The MIDI Aligned Piano Sounds (MAPS) dataset contains 65 h of stereo audio recordings sampled at 44.1 kHz with 16 bit resolution (CD quality), recorded either using the software-based sound generation, or the Disklavier piano [24,25]. The dataset contains four subsets: isolated notes (ISOL); chords composed of randomly chosen notes (RAND); usual chords in Western music (UCHO); and piano classical music pieces (MUS). The audio samples were recorded in different recording conditions (e.g., studio, jazz club, church, and concert hall). RAND, UCHO and MUS subsets were used in the experiments using all four recording conditions.

3.2. Orchset Dataset

Orchset database contains 64 mono and stereo audio recordings, sampled at 44.1 kHz, extracted from symphonies, ballets and other classical musical forms and interpreted by symphonic orchestras [26]. The lengths of the recordings are 10–32 s (mean 22.1 s, standard deviation 6.1 s), the number of recordings per composer is 1–13, with 15 composers in total. Music excerpts were selected to have a dominant melody, maximizing the existence of voiced segments per excerpt. In all excerpts, the melody was played using more than one instrument from the instrument section, except for one excerpt where only oboe was used (with orchestral accompaniment).

3.3. Signal Preprocessing

In signal processing applications, e.g., when processing speech or audio signal that are non-stationary signals, the signal is usually divided into short-time windows, denoted as frames, where the signal is approximately stationary. In the case of audio signal, the frame length is typically 10–120 ms [27,28]. In this study, the experiments were performed using three different frame-sizes, equal to 10 ms, 60 ms and 120 ms.
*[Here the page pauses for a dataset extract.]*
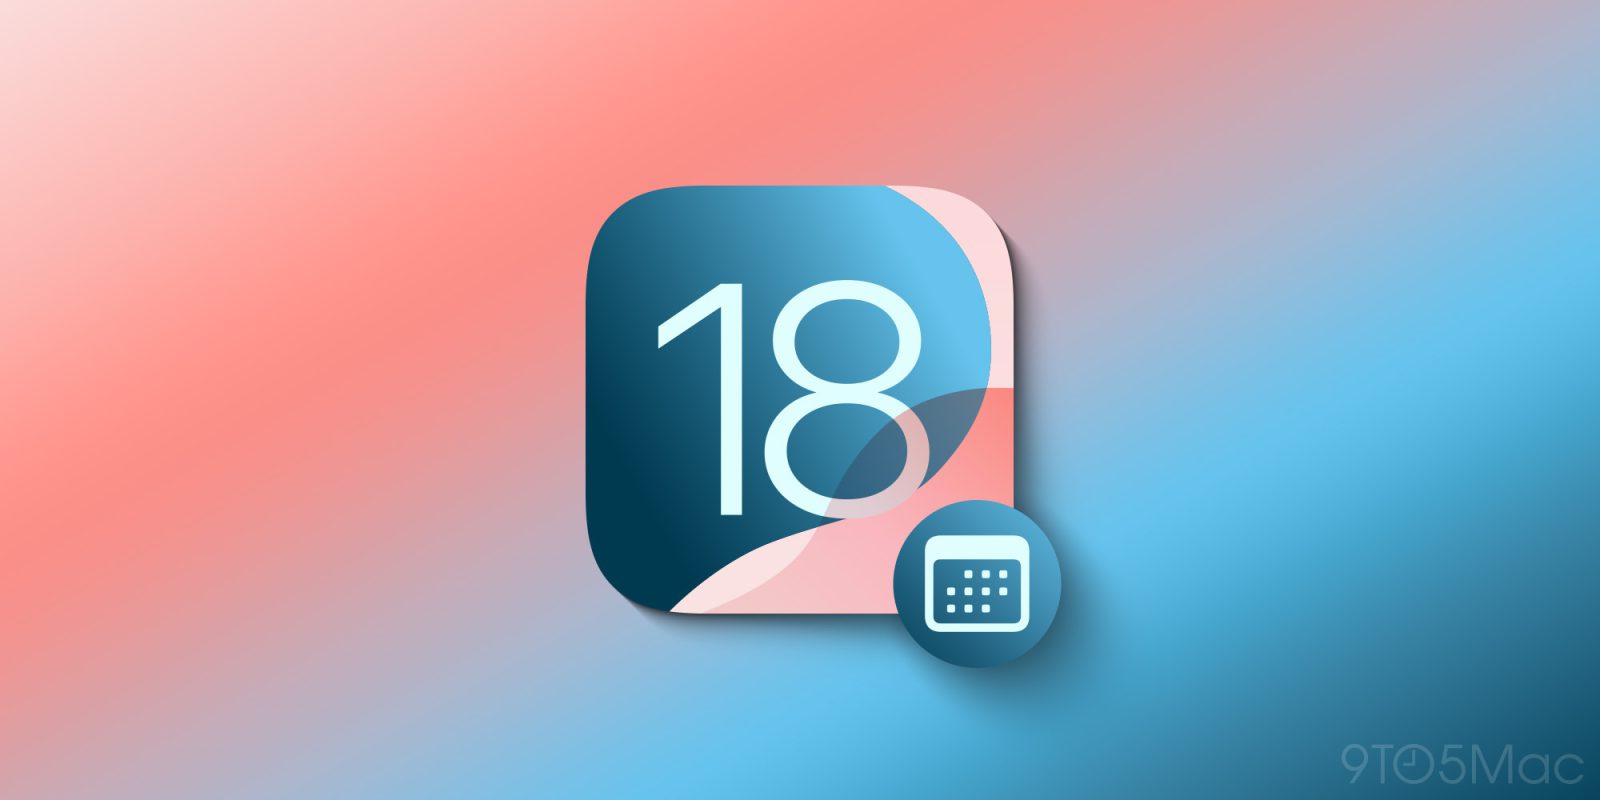 When will Apple release the iOS 18 public beta?

The audio signal may contain silent periods, usually at the beginning or at the end of a signal. This was especially evident in RAND and UCHO subsets of the MAPS dataset, where the silence periods were even longer than the signal itself. Modeling silent frames is unnecessary since the resources are spent on parts of the signal which do not contribute to signal reconstruction. Therefore, the silence frames were removed before further processing. Furthermore, DC offset was removed from the audio signal, as the signal compression, or any other processing of the signal that includes the absolute signal levels may lead to distortions and other non-desirable results. Finally, all stereo recordings were converted to mono by combining left and right channels prior to further processing.

4. Numerical Results and Discussion

The proposed FLP with “restricted memory” given in Equation (10) with the memory of two (Equation (14)), three (Equation (17)) and four samples (Equation (19)) was compared to conventional low-order LP using the same signal history. Experiments were performed using two test signals: the three-note chords composed of randomly chosen notes (MAPS–RAND subset), usual three-notes Western musical chords (MAPS–UCHO subset), and two musical signals: piano recordings (MAPS–MUS subset) and orchestra recordings (Orchset). The signals belonging to one recording condition (studio, jazz club, church, or concert hall) of the particular dataset were concatenated to one signal prior to applying either LP or FLP.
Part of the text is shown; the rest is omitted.